# Sweeping the Rogue



## WillVolpert (Apr 16, 2008)

Thought some of you might be interested in a recent sweep boat adventure a few of us had on the Rogue River:

Sweeping the Wild & Scenic Rogue River | Indigo Creek


----------



## Wadeinthewater (Mar 22, 2009)

Nice write-up. My biggest concern has always been the flat water in Huggins and Flora Dell. I think the water would be 8,000 cfs at Agness before I would give it a try.

My favorite quote fron the article - "however after a bit of practice and trial and error (hopefully not too much error), a newbie sweep boat driver will be pleasantly surprised at the boats maneuverability". Yes, most people are surprised, especially if the sweep isn't too heavily loaded.

Video?


----------



## okieboater (Oct 19, 2004)

any photos of the sweep boat running Blossom Bar ?

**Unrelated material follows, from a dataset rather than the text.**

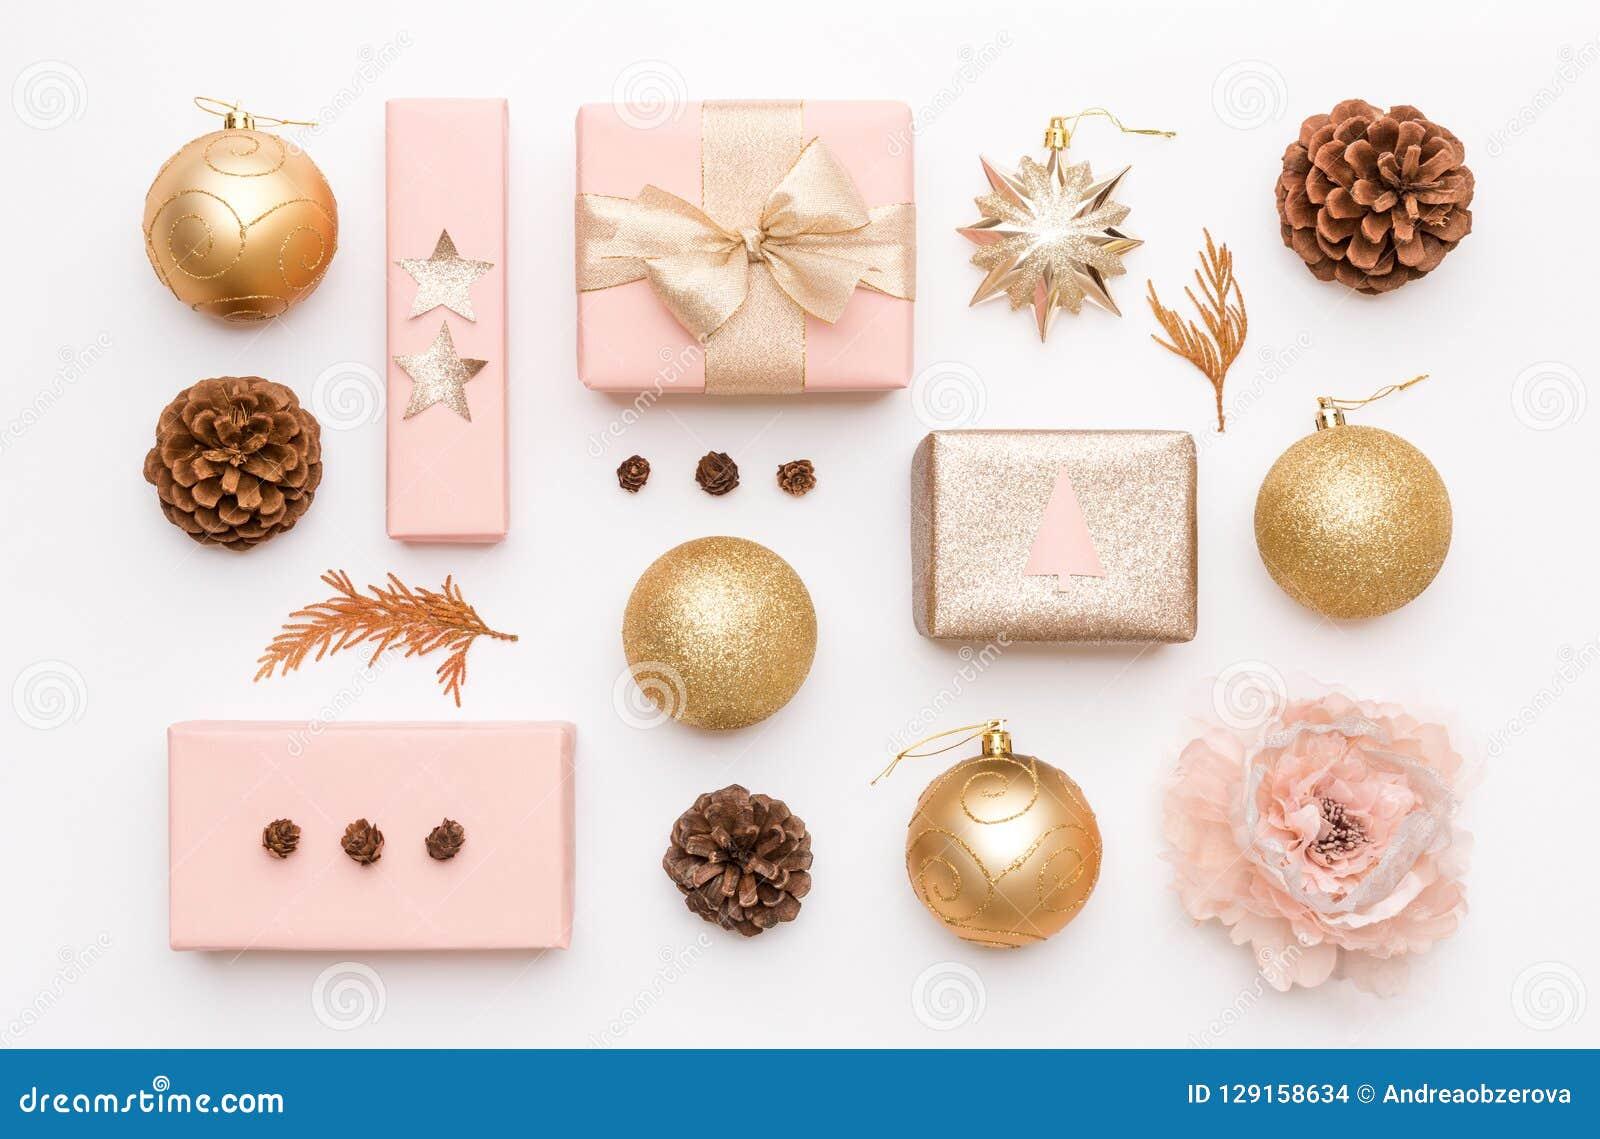 Пинк и подарки рождества золота изолированные на белой предпосылке Обернутые коробки xmas, орнаменты рождества, безделушки и кону

was the flow high enough for the sweep boat to float over the picket fence if you went river left ?

Thanks for sharing I bet that was a big fun trip for all


----------



## WillVolpert (Apr 16, 2008)

Wadeinthewater said:


> My biggest concern has always been the flat water in Huggins and Flora Dell.


Yes, ours too. We had great weather and no wind on the first day through Battle Bar flats. And then the next day we got some wind toward the bottom of Flora Del flats but it wasn't too bad. 



okieboater said:


> any photos of the sweep boat running Blossom Bar ?


Somehow we didn't get any video or photos running Blossom. Will have to do it again I guess.


----------



## Norcalcoastie (Jan 4, 2019)

Very cool. Especially like the tent setup on the deck of the sweep. What’s the dimensions of your sweep? I always cringe running my 156R through the ladder.


----------



## okieboater (Oct 19, 2004)

willvopert,

glad to give you an excuse to play on Blossom Bar.

one of the best ever rivers and drops we have in the US.

lots of rafts and even some jet boat videos on utube but I have not seen a sweep boat run.

thank you for sharing your Sweep Boat time.


----------